Task brief | Pictures in the records below must be left out. Return exactly the lines from the line with "Воздушный мяч с" to the line with "Poze Pantofi ALDO", both included.

Task material START

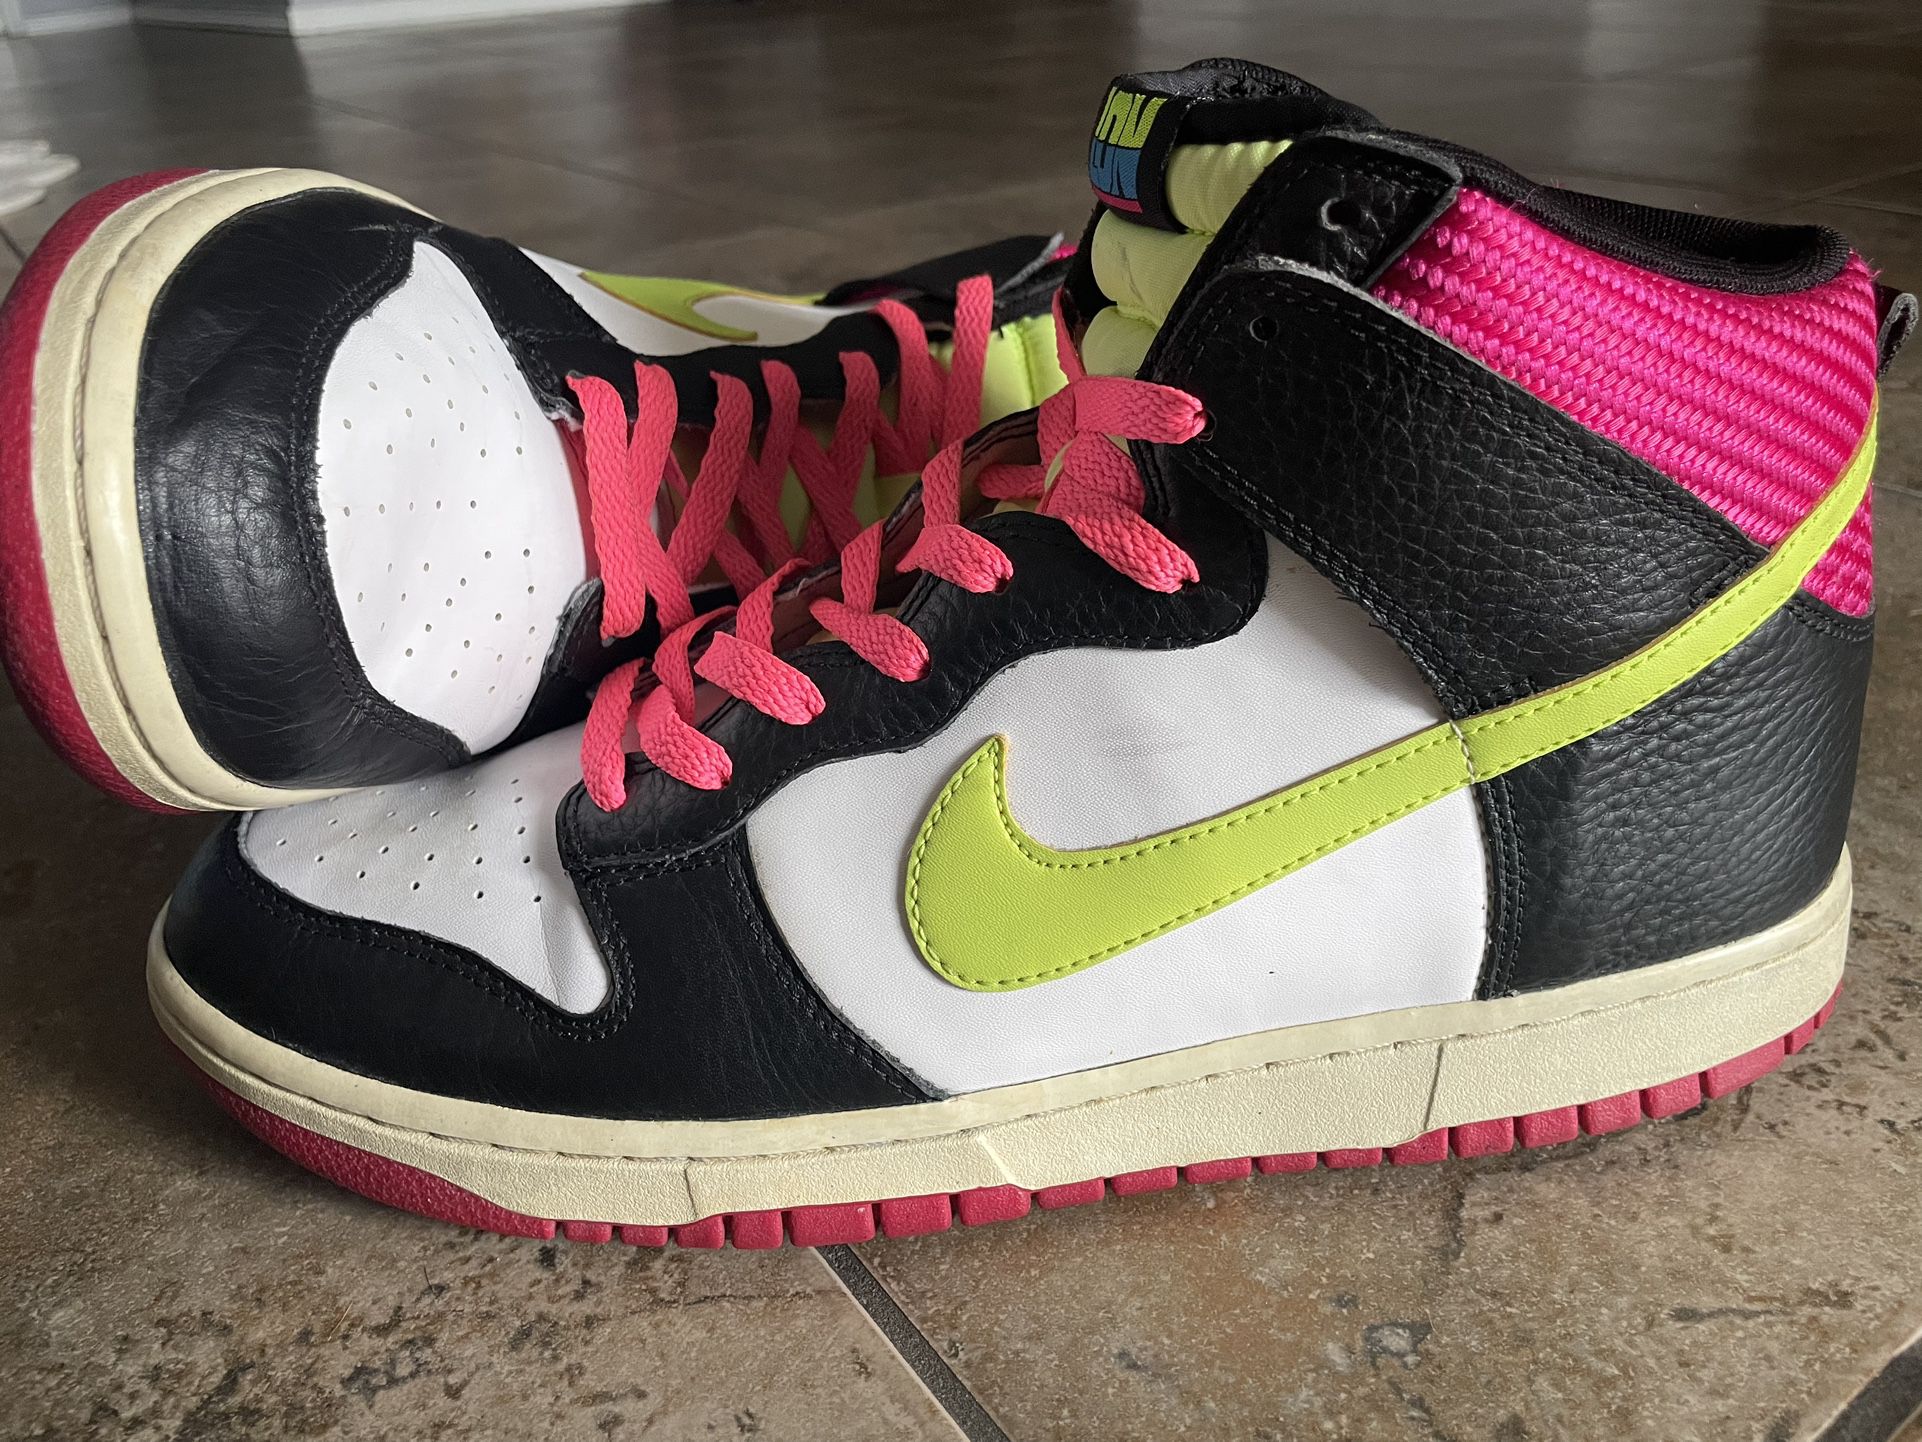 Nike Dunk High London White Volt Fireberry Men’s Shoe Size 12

Task material END
Task material START

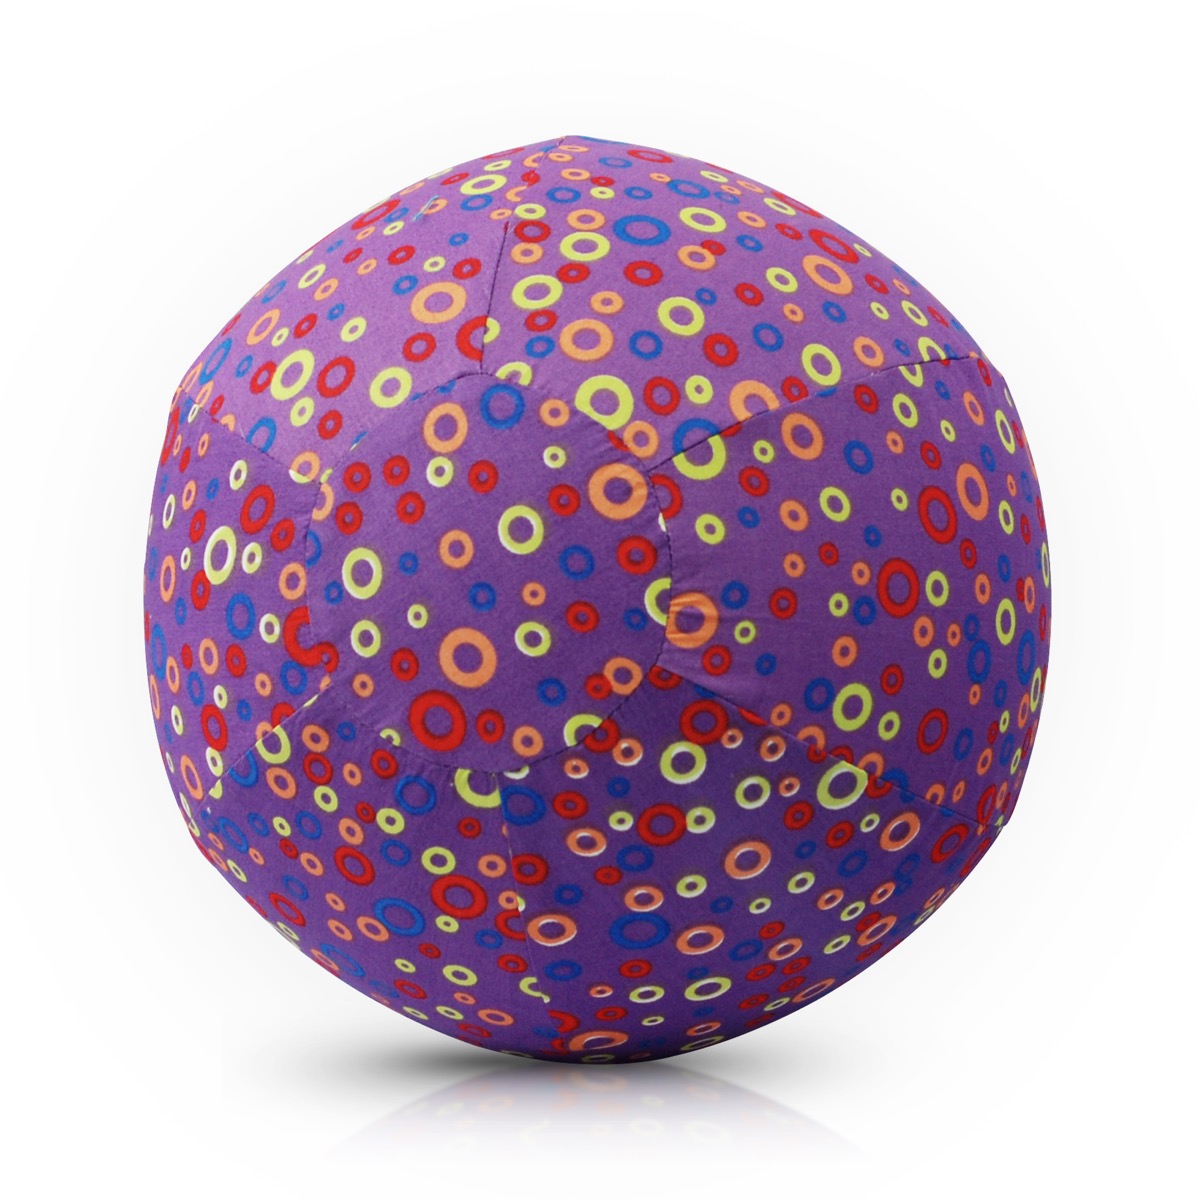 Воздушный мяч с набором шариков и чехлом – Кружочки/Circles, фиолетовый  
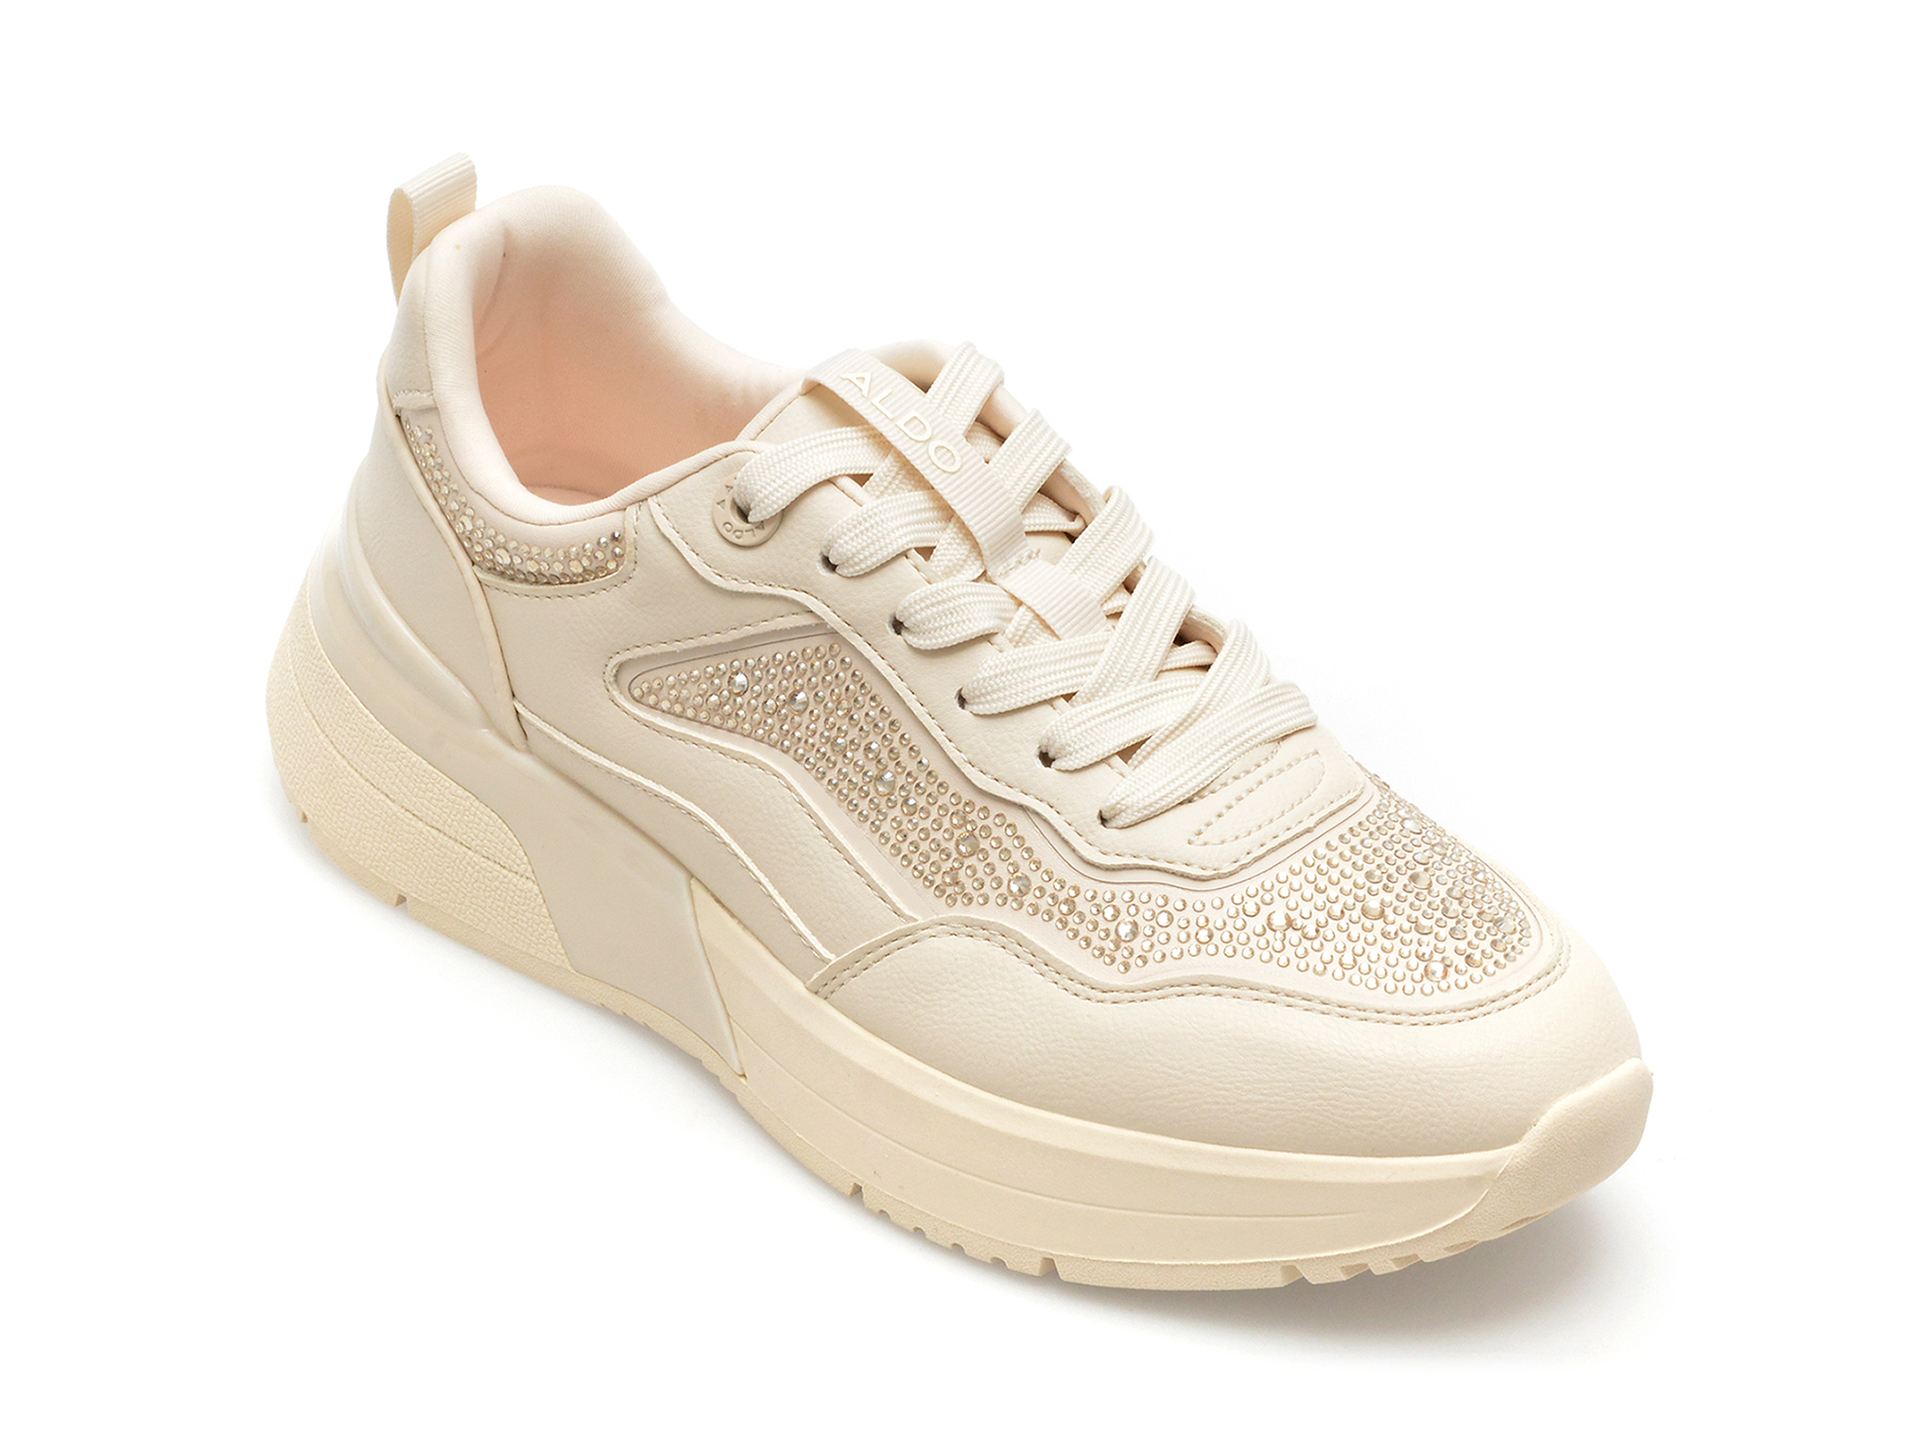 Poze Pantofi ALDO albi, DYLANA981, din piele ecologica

Task material END

Answer to the problem |
 Воздушный мяч с набором шариков и чехлом – Кружочки/Circles, фиолетовый  
 Poze Pantofi ALDO albi, DYLANA981, din piele ecologica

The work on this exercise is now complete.